Monte Carlo Simulation.

Description

Monte Carlo Simulation.

Usage

mcs(num_sims, task_dists, cor_mat = NULL)

Arguments

Value

The function returns a list of the total mean, variance, standard deviation, and percentiles for the project.

Examples

# Set the number of simulations and task distributions for a toy project.
num_sims <- 10000
task_dists <- list(
  list(type = "normal", mean = 10, sd = 2),  # Task A: Normal distribution
  list(type = "triangular", a = 5, b = 10, c = 15),  # Task B: Triangular distribution
  list(type = "uniform", min = 8, max = 12)  # Task C: Uniform distribution
)

# Set the correlation matrix for the correlations between tasks.
cor_mat <- matrix(c(
  1, 0.5, 0.3,
  0.5, 1, 0.4,
  0.3, 0.4, 1
), nrow = 3, byrow = TRUE)

# Run the Monte Carlo sumulation and print the results.
results <- mcs(num_sims, task_dists, cor_mat)
cat("Mean Total Duration:", results$total_mean, "\n")
cat("Variance of Total Variance:", results$total_variance, "\n")
cat("Standard Deviation of Total Duration:", results$total_sd, "\n")
cat("5th Percentile:", results$percentiles[1], "\n")
cat("Median (50th Percentile):", results$percentiles[2], "\n")
cat("95th Percentile:", results$percentiles[3], "\n")
hist(results$total_distribution, breaks = 50, main = "Distribution of Total Project Duration",
  xlab = "Total Duration", col = "skyblue", border = "white")

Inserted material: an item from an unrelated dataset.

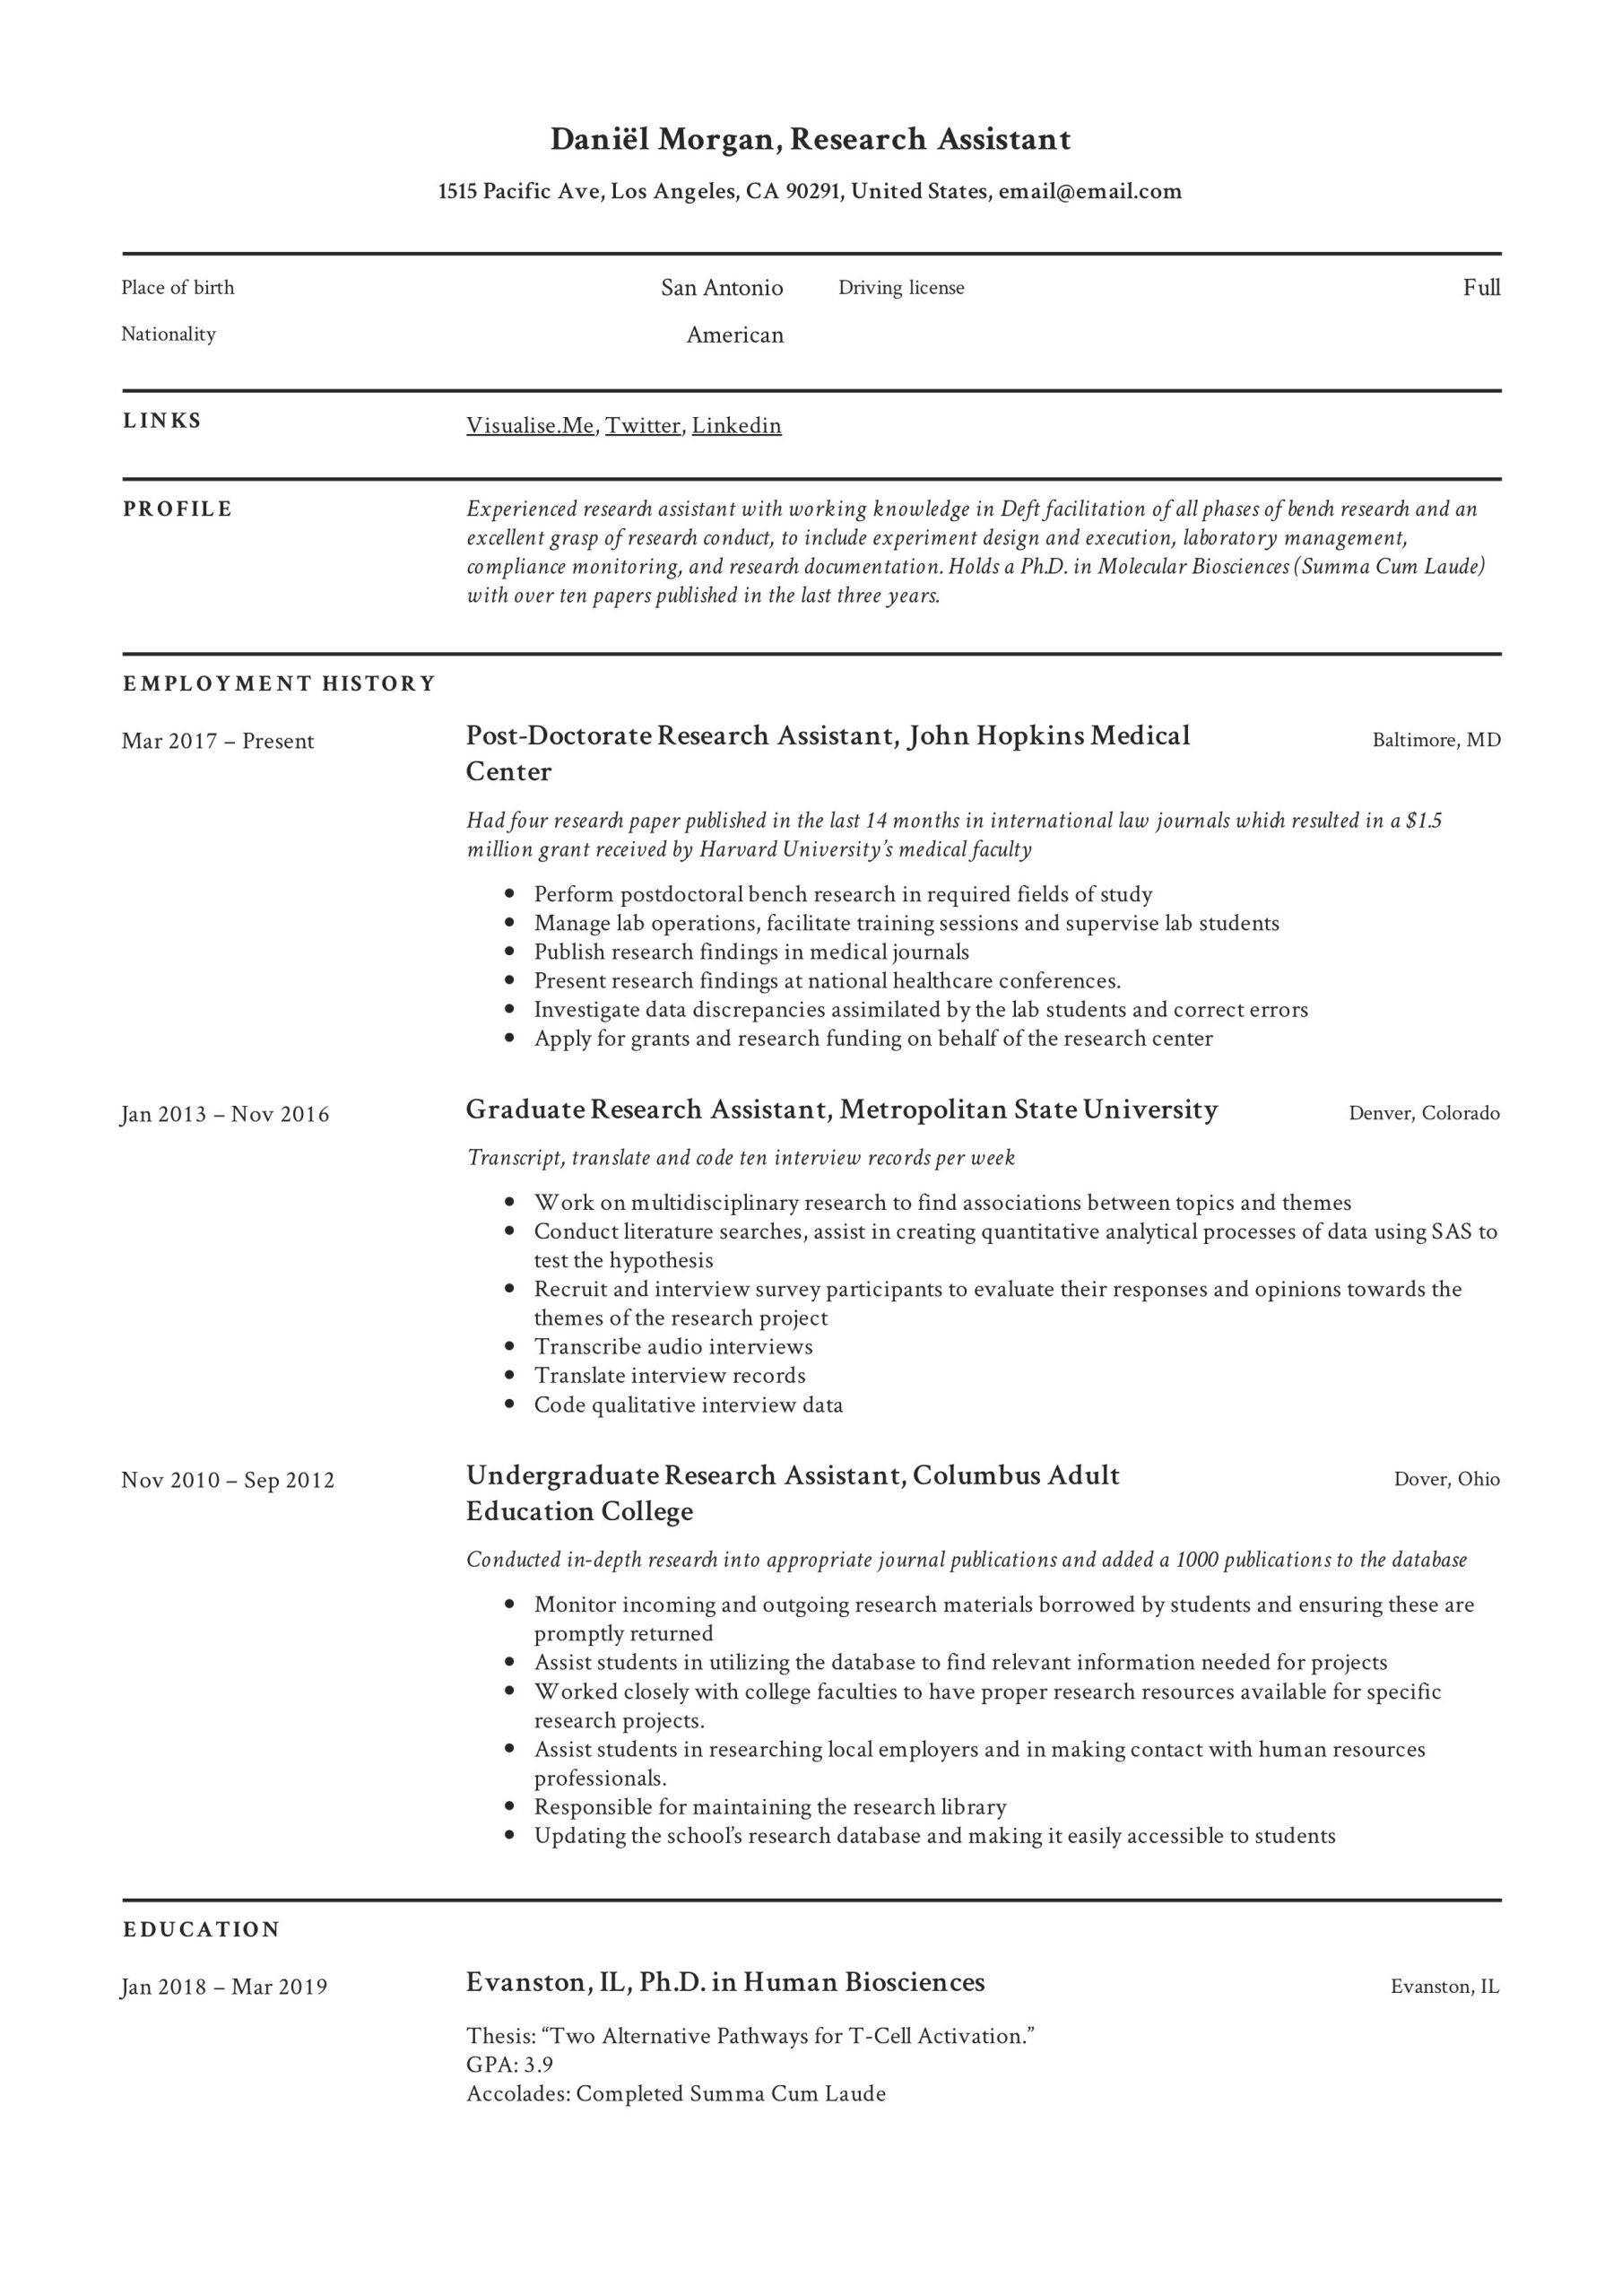 Sample Resume for Entry Level Research assistant Research assistant Resume & Writing Guide  12 Resume Examples

Resource-based 'Parent' Design Structure Matrix (DSM).

Description

Resource-based 'Parent' Design Structure Matrix (DSM).

Usage

parent_dsm(S)

Arguments

Value

The function returns the Resource-based 'Parent' DSM 'P' giving the number of resources shared between each task.

Examples

# Set the S matrix for a toy project and print the results.
s <- matrix(c(1, 1, 0, 0, 1, 0, 0, 1, 1), nrow = 3, ncol = 3)
cat("Resource-Task Matrix:\n")
print(s)

# Calculate the Resource-based Parent DSM and print the results.
resource_dsm <- parent_dsm(s)
cat("\nResource-based 'Parent' DSM:\n")
print(resource_dsm)

Predict a Sigmoidal Function.

Description

Predict a Sigmoidal Function.

Usage

predict_sigmoidal(fit, x_range, model_type)

Arguments

Value

The function returns a table of results containing the time and predicted values.

Examples

# Set up a data frame of time and completion percentage data
data <- data.frame(time = 1:10, completion = c(5, 15, 40, 60, 70, 75, 80, 85, 90, 95))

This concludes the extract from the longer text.